The question insists itself: What does the elusive hare signify? An unattainable treasure, or insight? Or simply the story's closure?
Early in the book, certain motifs already pile up. The double meaning of words in the Mapuche language reflects the delicate relations between the native and the outsider. Where 'government' also means 'path' and where 'right' and 'left' are signified by other words, the communication gap is asking for things to fall apart. The Mapuche word for 'law' itself could mean many things, more than six things in fact, that the difficulty of establishing a common law must be evident. The squinting eyes of the Mapuche (i.e., double vision), which had been mentioned several times so far and also caricatured in the cover of the book, could also be correlated to the double meaning of words. The characters were seeing double, not deigning to separate one image from the other, the real thing from its shadow or artifice or ghost.
Aira's brief books are very open to critical analysis, which makes them slippery and at the same time challenging reads. Aira is an open interpretation and an open-ended phenomenon. He himself is discovering the limits of narrative stability where realistic representations don't bleed too much on surrealism and whose footing in the fantastic is sure and confident. It's hard to dismiss Aira's unpolished philosophical ideas, not least because they are bound in words of poetry and they are theories-in-progress. There is a searching tone to his character's odysseys.
The long book at hand is already replete with double-edged words and double vision that arise out of the characters' voluntary choice to say or see things the way they want to. In other words, out of a writer's resistance to conform to simple narrative itineraries.
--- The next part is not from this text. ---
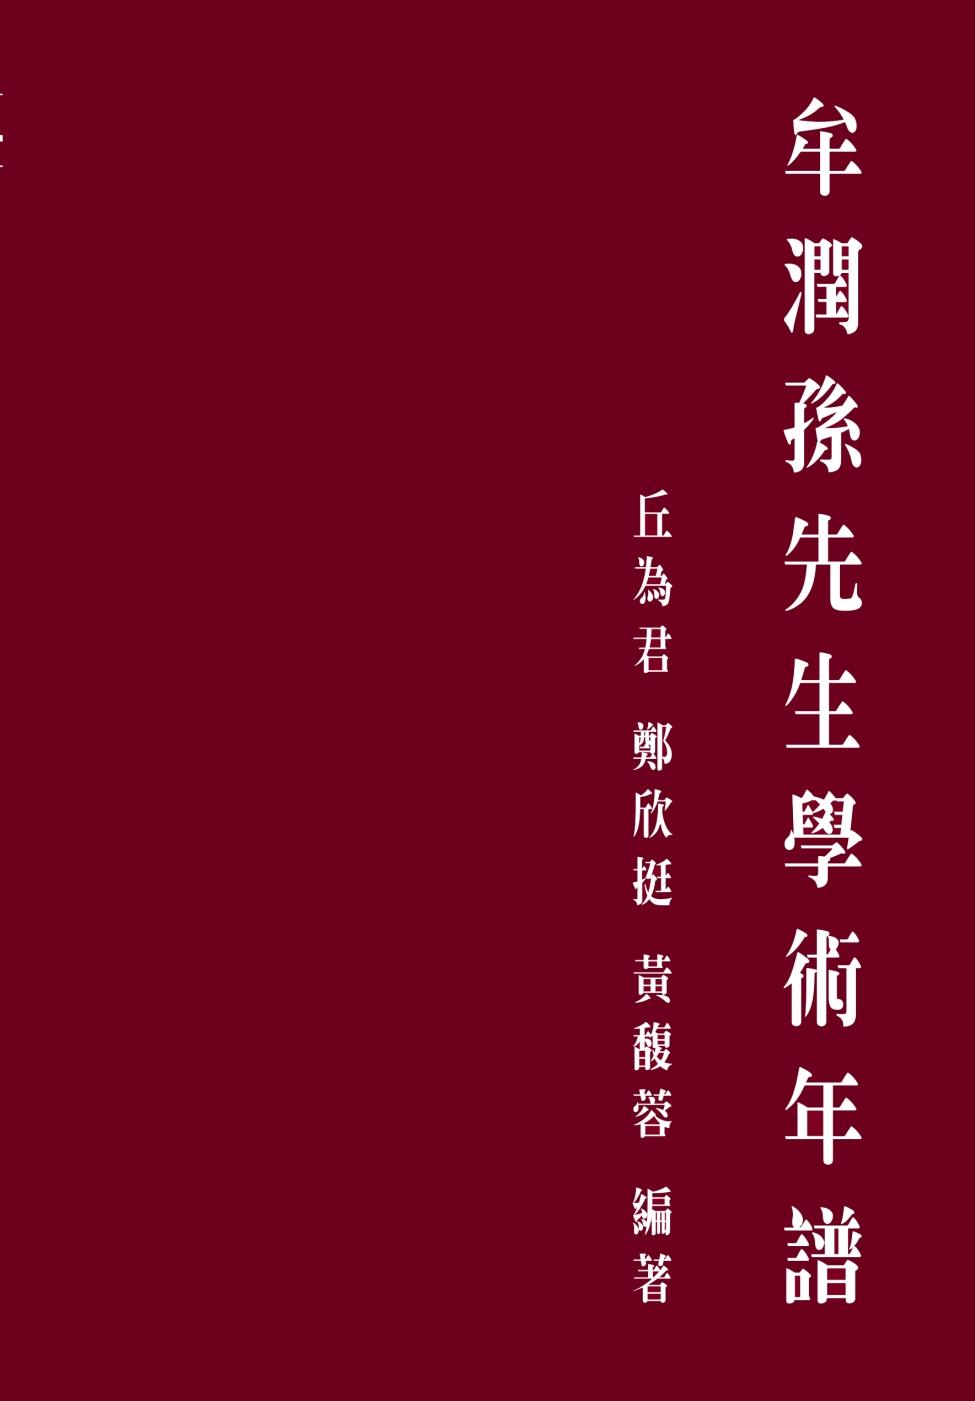 牟潤孫先生學術年譜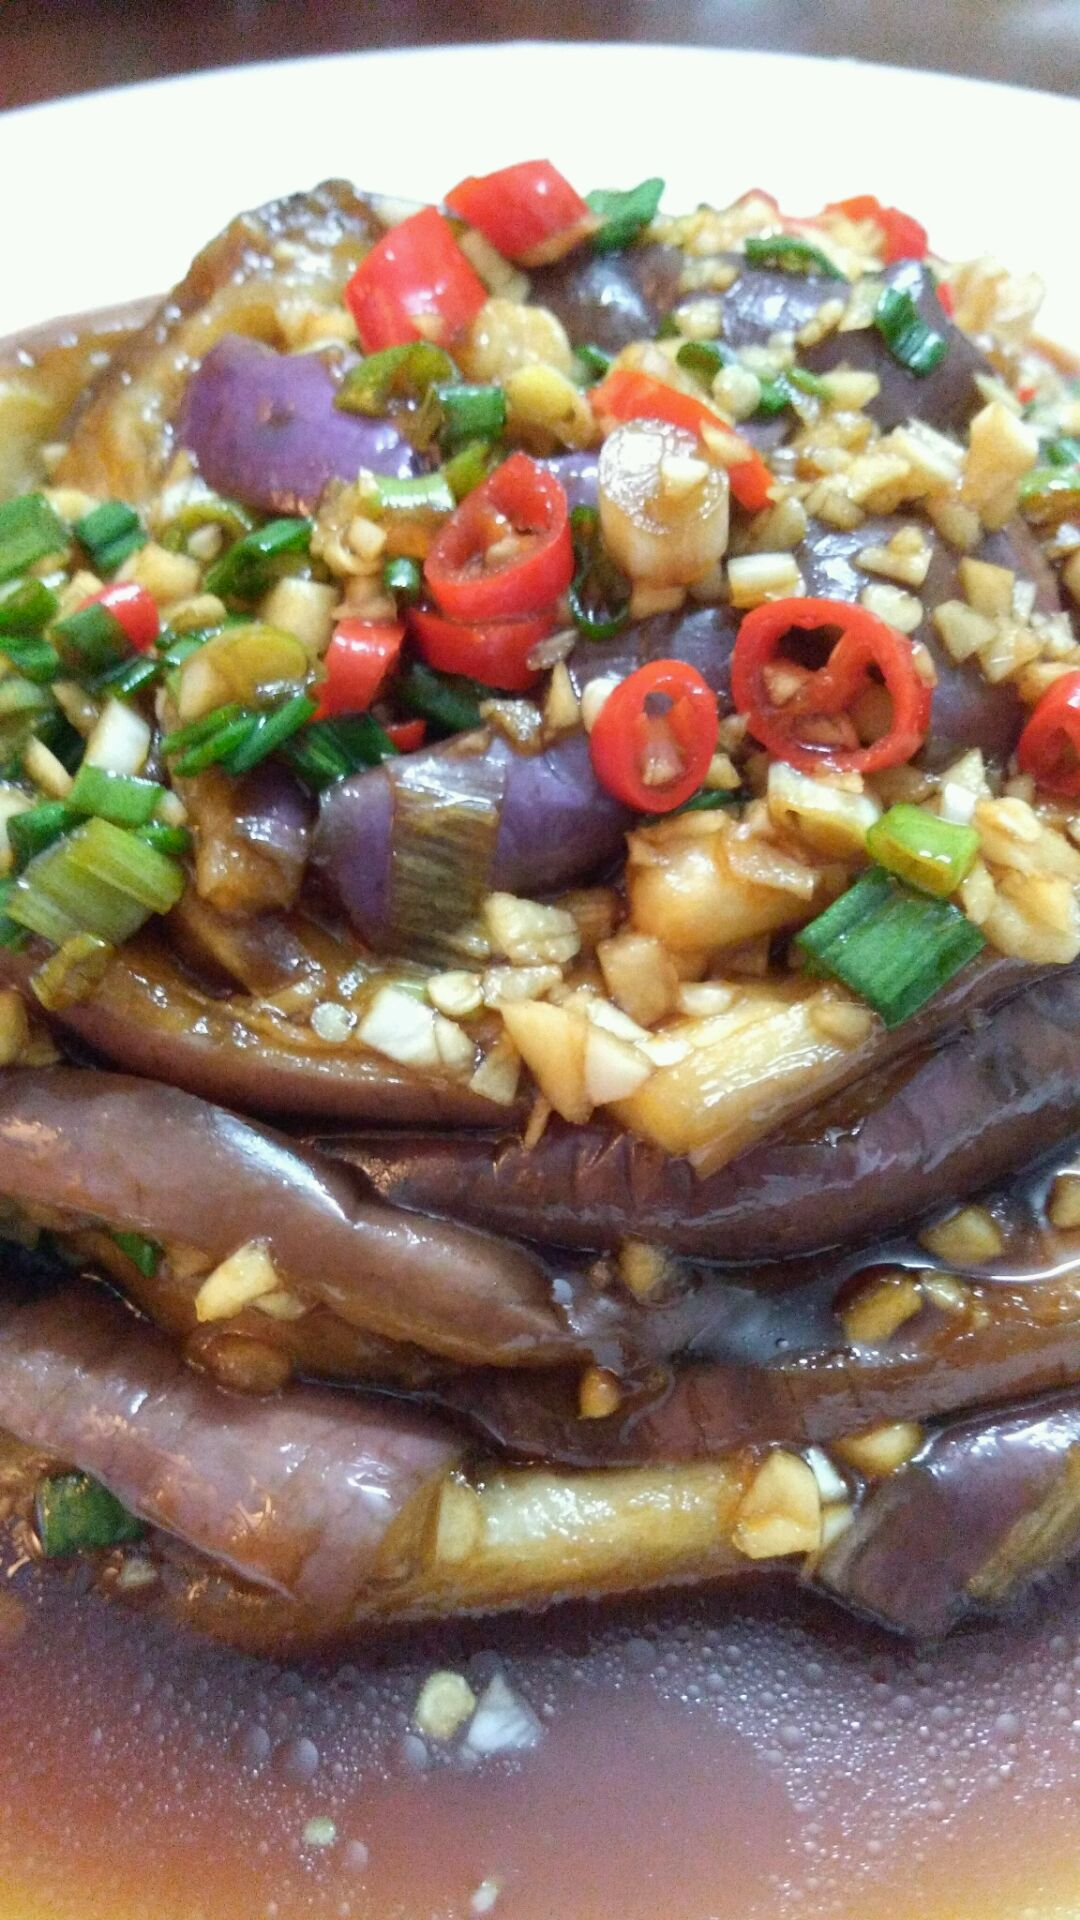 涼拌茄子怎么做_涼拌茄子的做法_豆果美食

I was waiting for the moment when the apparently sideways story align itself and open up to many-worlds interpretations. Or the other way around: when a linear story begins to branch out and go haywire. Early in the book a kidnapping incident took place in the middle of a hunting expedition. It looked like just the ticket to story's self-destruction.
"The Borges of the Pampas" may be better classified as its own genetic species, as The Aira of the Pampas. Let us call Aira's butterfly effect, for simplicity and in homage to another fictive insect – the metamorphosed bug or beetle – as the Airaesque. The Airaesque is characterized by an apparent disjuncture of the narrative, where events are disrupted to give way to quasi-philosophical digressions. The Airaesque is the deliberate and conscious flouting of logic and literary conventions. It is a representation of a literary search for meaning, without due regard for whatever methodical means are used to justify the obscene ends. Where the act of disruptive writing is a reflection of chaotic reading. The Airaesque is artistic gestation nipped at the precise point when the story is just about to escape absurdity, in order to re-enter absurdity. The Airaesque is the climax and ending that resist further epiphanies. The Airaesque is the obsessive-compulsive order.
One may encounter the Airaesque in delightful anguish. As Mallén, the Mapuche shaman, warns Clarke before telling him an apocryphal story: "By now we're in the realm of pure fiction, for which I apologise."